Bryson Nesbit (born September 25, 2002) is an American professional football tight end. He played college football for the North Carolina Tar Heels.

==Early life==
Nesbit grew up in Charlotte, North Carolina and attended South Mecklenburg High School. He was rated a four-star recruit and committed to play college football at North Carolina (UNC) over offers from UCLA, Ole Miss, South Carolina, and Virginia Tech.

==College career==
Nebsit played in 11 games during his freshman season with the Tar Heels at the University of North Carolina at Chapel Hill and finished the season with seven receptions 157 yards and one touchdown. He was named honorable mention All-Atlantic Coast Conference (All-ACC) as a sophomore after catching 35 passes for 507 yards and four touchdowns. His junior season would prove to be his best and most effective season in Chapel Hill to date.
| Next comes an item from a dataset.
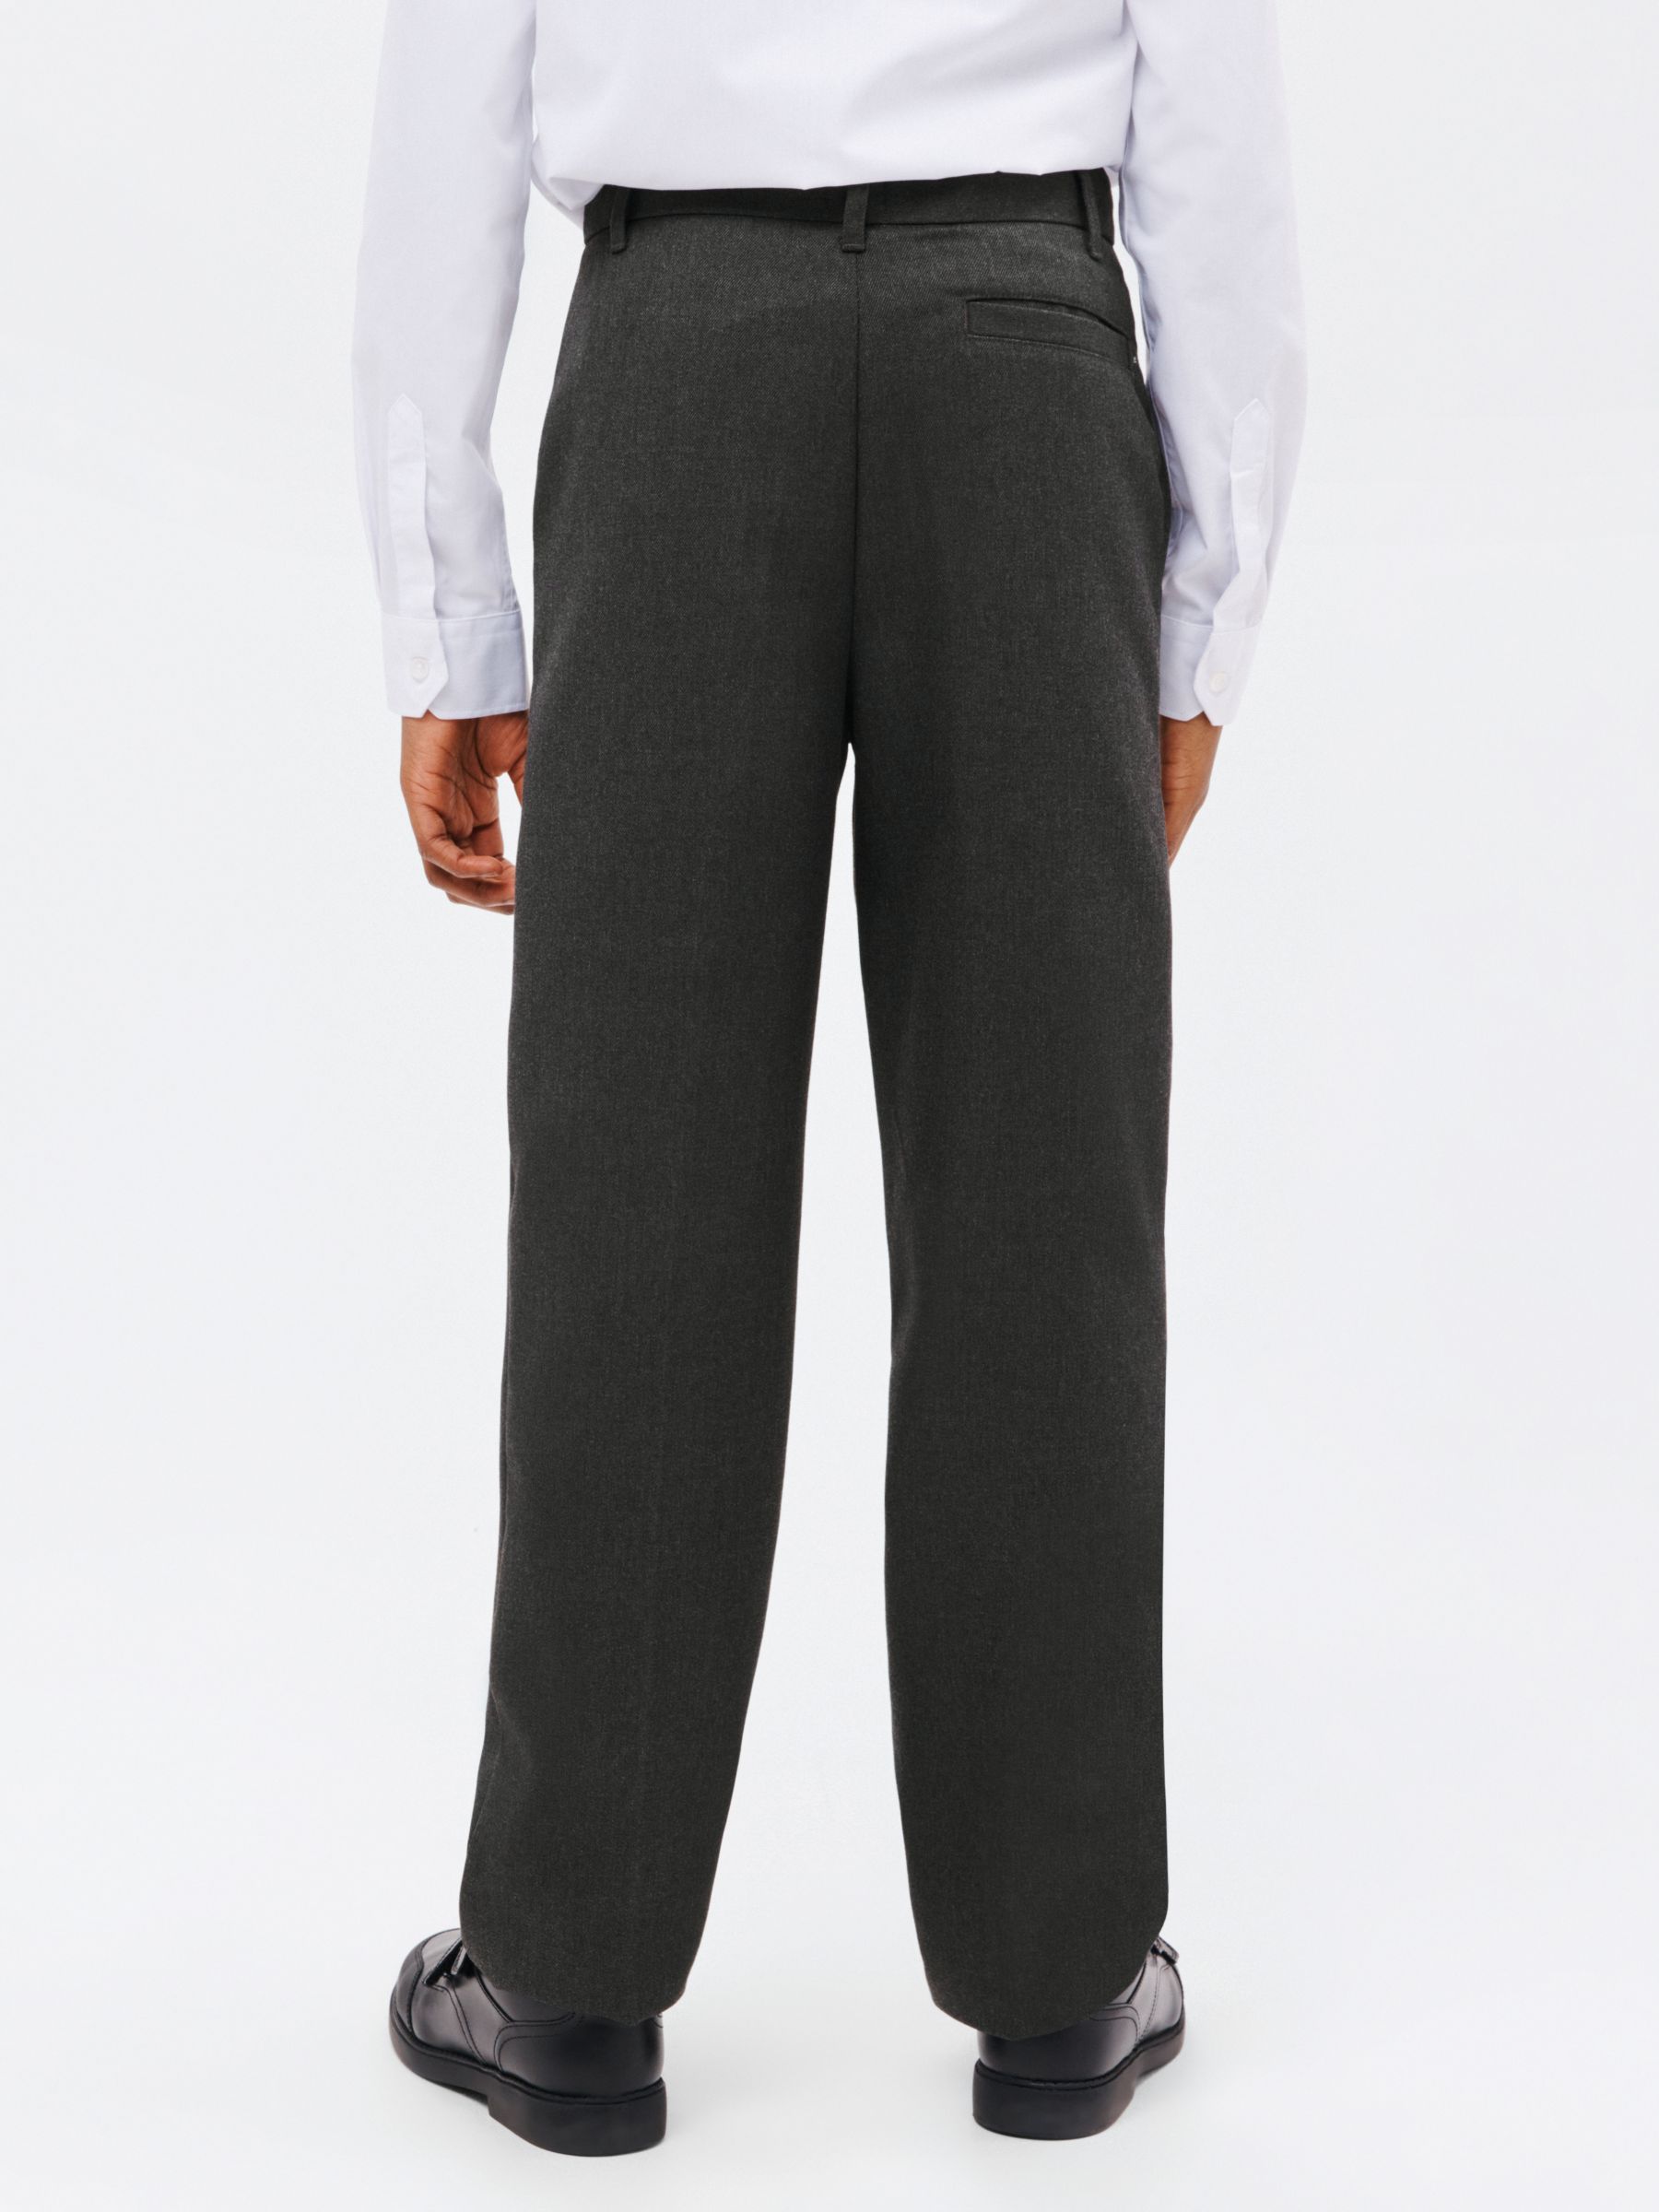 John Lewis Kids' Regular Fit Long Length School Trousers, Grey, 8 years
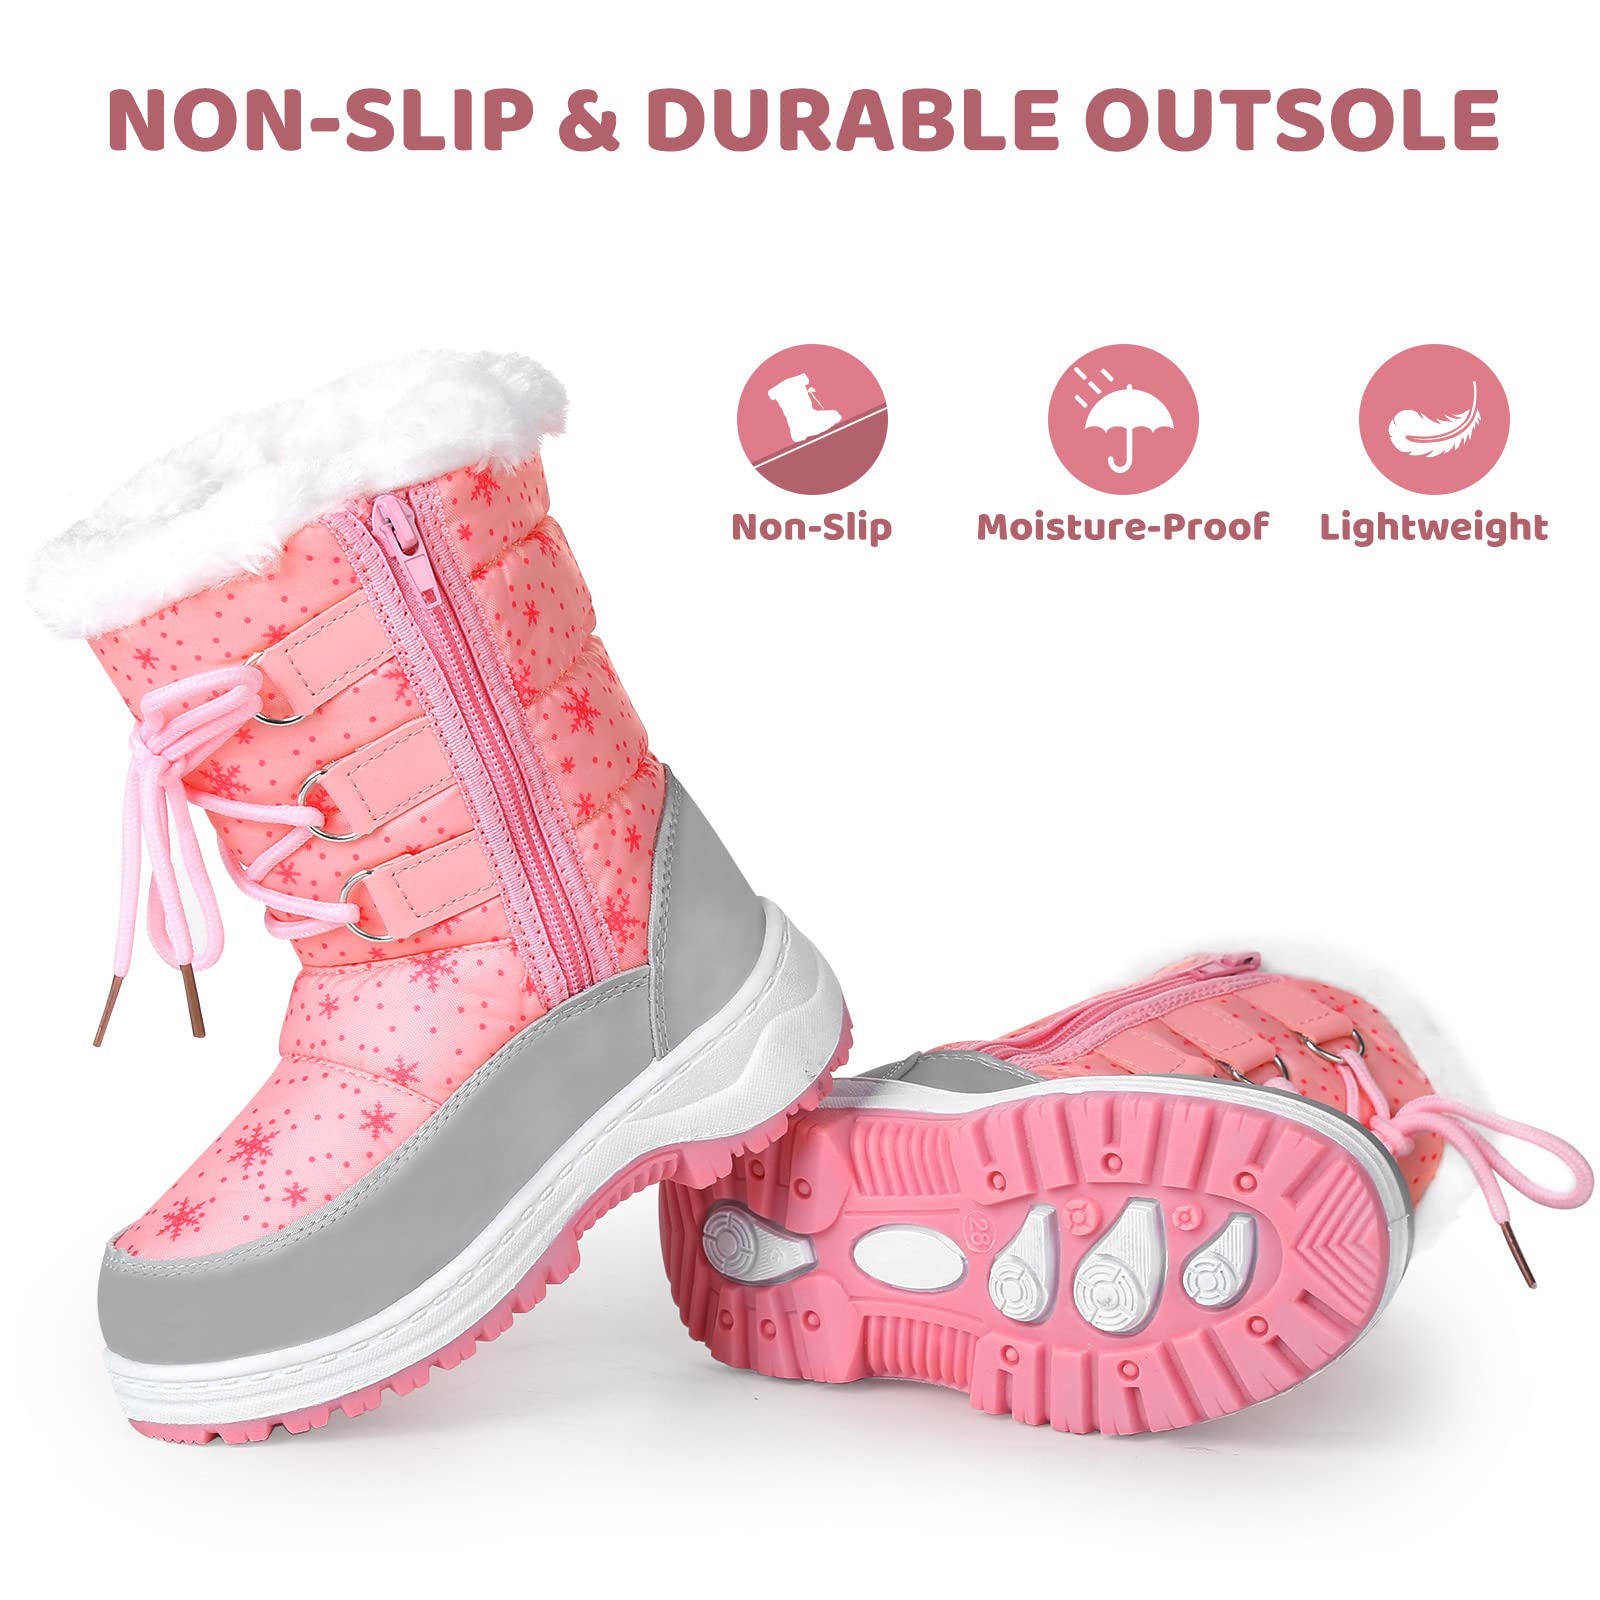 Apakowa Kids Girls Boys Insulated Fur Winter Warm Snow Boots (Toddler/Little Kid)

He caught 41 passes for 585 yards and 5 touchdowns, earning first team All-ACC honors in the process.

===Statistics===

| Year | Team | G | Rec | Yards | Avg | TDs |
|---|---|---|---|---|---|---|
| 2021 | North Carolina | 11 | 7 | 154 | 22.0 | 1 |
| 2022 | North Carolina | 14 | 35 | 507 | 14.5 | 4 |
| 2023 | North Carolina | 12 | 41 | 585 | 14.3 | 5 |
| Career |  | 37 | 83 | 1,246 | 15.0 | 10 |

==Professional career==

Nesbit signed with the Minnesota Vikings as an undrafted free agent on April 26, 2025. He was waived on August 26 as part of final roster cuts. Nesbit was re-signed to the practice squad the following day. He signed a reserve/future contract with Minnesota on January 5, 2026. On August 30, he was waived with an injury designation by the Vikings as part of the final roster cuts.

Pre-draft measurables
| Height | Weight | Arm length | Hand span | Wingspan | 40-yard dash | 10-yard split | 20-yard split | 20-yard shuttle | Three-cone drill | Vertical jump | Broad jump |
| 6 ft 5 in (1.96 m) | 238 lb (108 kg) | 31+3⁄4 in (0.81 m) | 9+3⁄4 in (0.25 m) | 6 ft 5+3⁄8 in (1.97 m) | 4.88 s | 1.61 s | 2.83 s | 4.48 s | 7.28 s | 32.5 in (0.83 m) | 9 ft 4 in (2.84 m) |
All values from NFL Combine/Pro Day

==Personal life==
Nesbit's father, Jamar Nesbit, played college football at South Carolina and in the NFL for 11 seasons as an offensive lineman. His mother, Tara, played soccer at South Carolina.